THE best that can be said is that it is an ill wind. Although the Citizens' has crammed nine shows into its autumn season after reopening following Lottery-funded backstage building work, there are no new Citizens' Theatre Company productions to be seen in the spring season.

The reasons are financial, the continuing effects of that conundrum that produced Lottery cash for buildings but not for shows. With insufficient funds for new productions, the legendary Citz good housekeeping kicked in and the theatre has instead opened its doors to visiting companies earlier than usual. Whether this would have been feasible had not other city venues, particularly the Tron, been without serviceable performing spaces (because of Lottery building work) is a moot point.

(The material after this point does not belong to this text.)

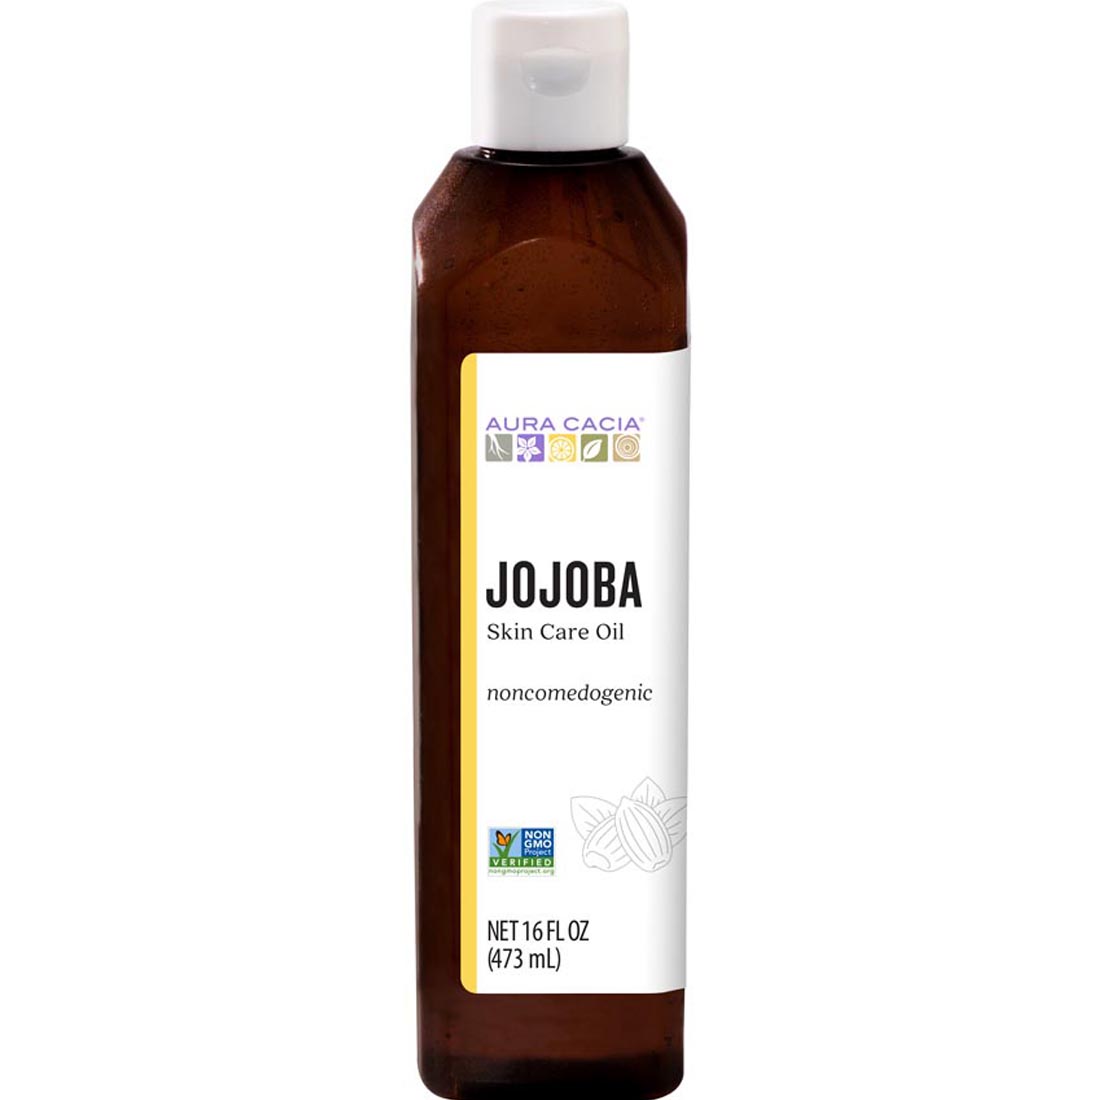 Aura Cacia Jojoba Pure Skin Care Oil, 473ml

Further, the Citizens' claims that it needs an increase in funding in the new financial year before it can make any plans beyond March 31. This on the same day that a newsletter from fixed-term-funded touring company Suspect Culture hit The Herald artdesk outlining plans for the whole of 1999.

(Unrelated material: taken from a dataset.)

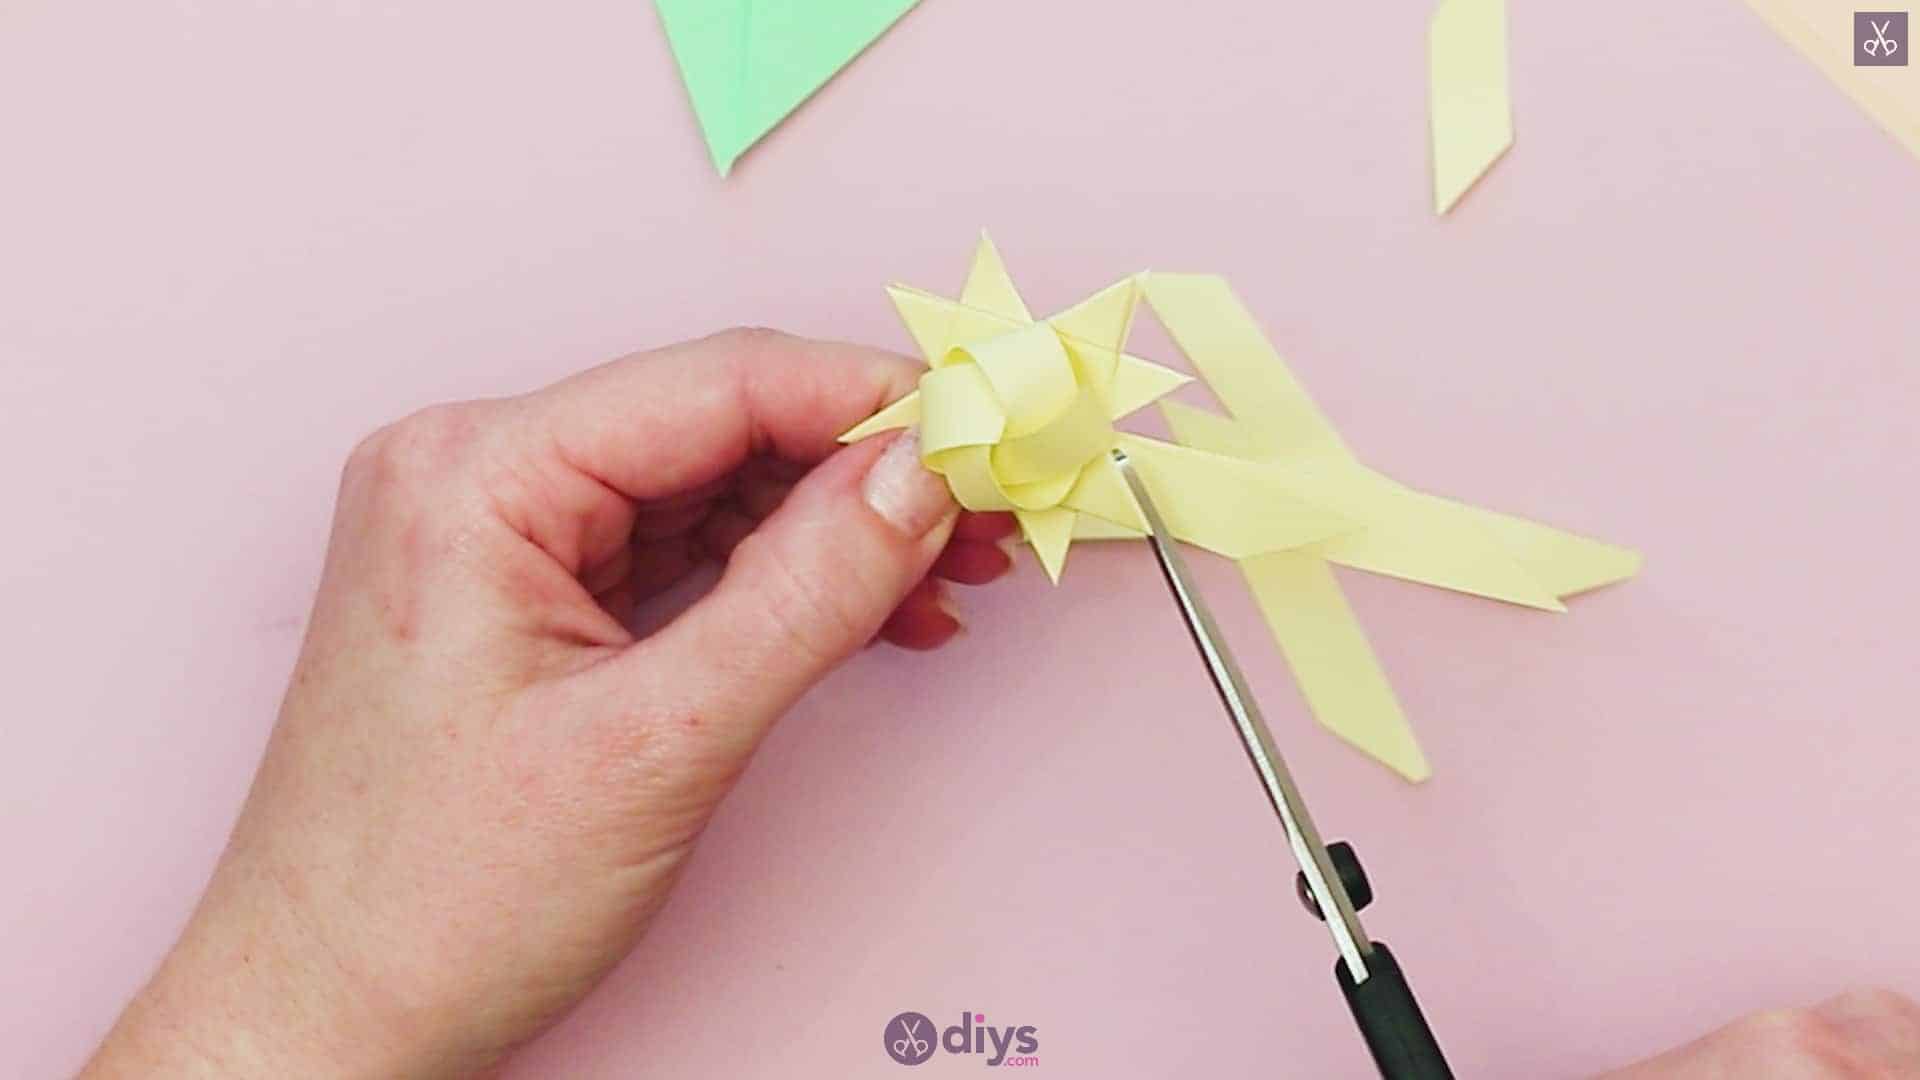 Diy origami flower art step 8a

Be that as it may, the programme announced today is an intriguing mix, ranging from sure-fire hits to experiments on the fringe, and with two links back to the venue's role in the final Mayfest programme in 1997.

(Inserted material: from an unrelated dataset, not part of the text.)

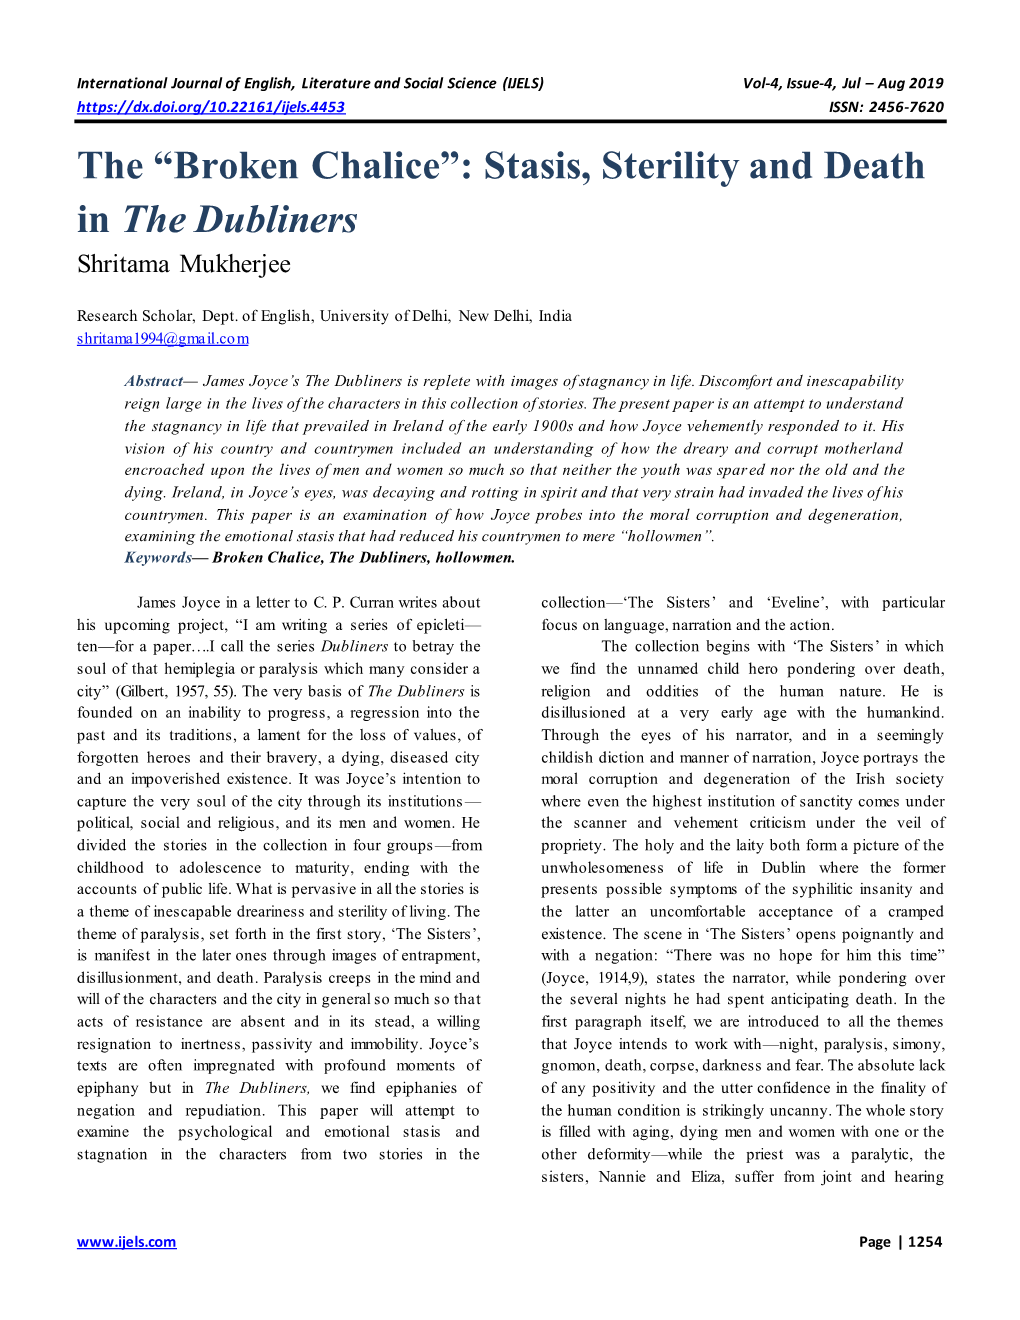 Broken Chalice”: Stasis, Sterility and Death in the Dubliners Shritama Mukherjee

The main theatre's season opens on February 4 with the return to the venue of Opera on a Shoestring and a new production of Verdi's La Traviata. The company last played the Citz at that Mayfest, when Tosca was the triumph of the programme, and won the last Herald Spirit of Mayfest award to boot.

It is followed by the revival of Liz Lochhead's hit vehicle for Siobhan Redmond at the Traverse during this year's Edinburgh Festival Fringe, Perfect Days. Fresh from a London run at the Hampstead Theatre, the show goes on from the Citizens' to Inverness, Aberdeen, and Edinburgh. In March Dundee Rep brings its production of Brecht's Mr Puntilla and His Man Matti in a new version by Peter Arnott. This has to measure up to Lee Hall's for the Almeida and the Right Size, which was the other hot ticket of the Traverse's Fringe programme.

That show is half of a swap that sees Kenny Miller's production of The Killing of Sister George play the Rep in January. The final show in the main theatre is Borderline's production in association with Musselburgh's Brunton of Bernard Farrell's Kevin's Bed, a family tragicomedy from a writer mostly associated with Dublin's Abbey Theatre.

In the studio the season begins on February 2 with another Fringe hit, Fiona Ormiston's Ruth Ellis, the fruits of the actor's lifelong obsession with a woman whose crime was arguably exceeded by its punishment. Also in February are Theatre in Action with Brian Friel's Faith Healer and the other Mayfest '97 link, Frank Miller's Cran Theatre Company reviving The Daphne Disaster, the story of the death of 124 men when the vessel capsized at its launch in 1883 and the first part of a projected Govan trilogy. March sees the Scottish premier of Phaedre's Love, an explicit reworking of the Greek tragedy by

writer-of-the-moment Sarah Kane in a production by ghostown, the company of Peter Mackie Burns, best known for his work at the Tron, and the first excursion into a theatre building since Clearance for the acclaimed Grid Iron Theatre Company, with a new show, Monumental, by the same writer, Anita Sullivan.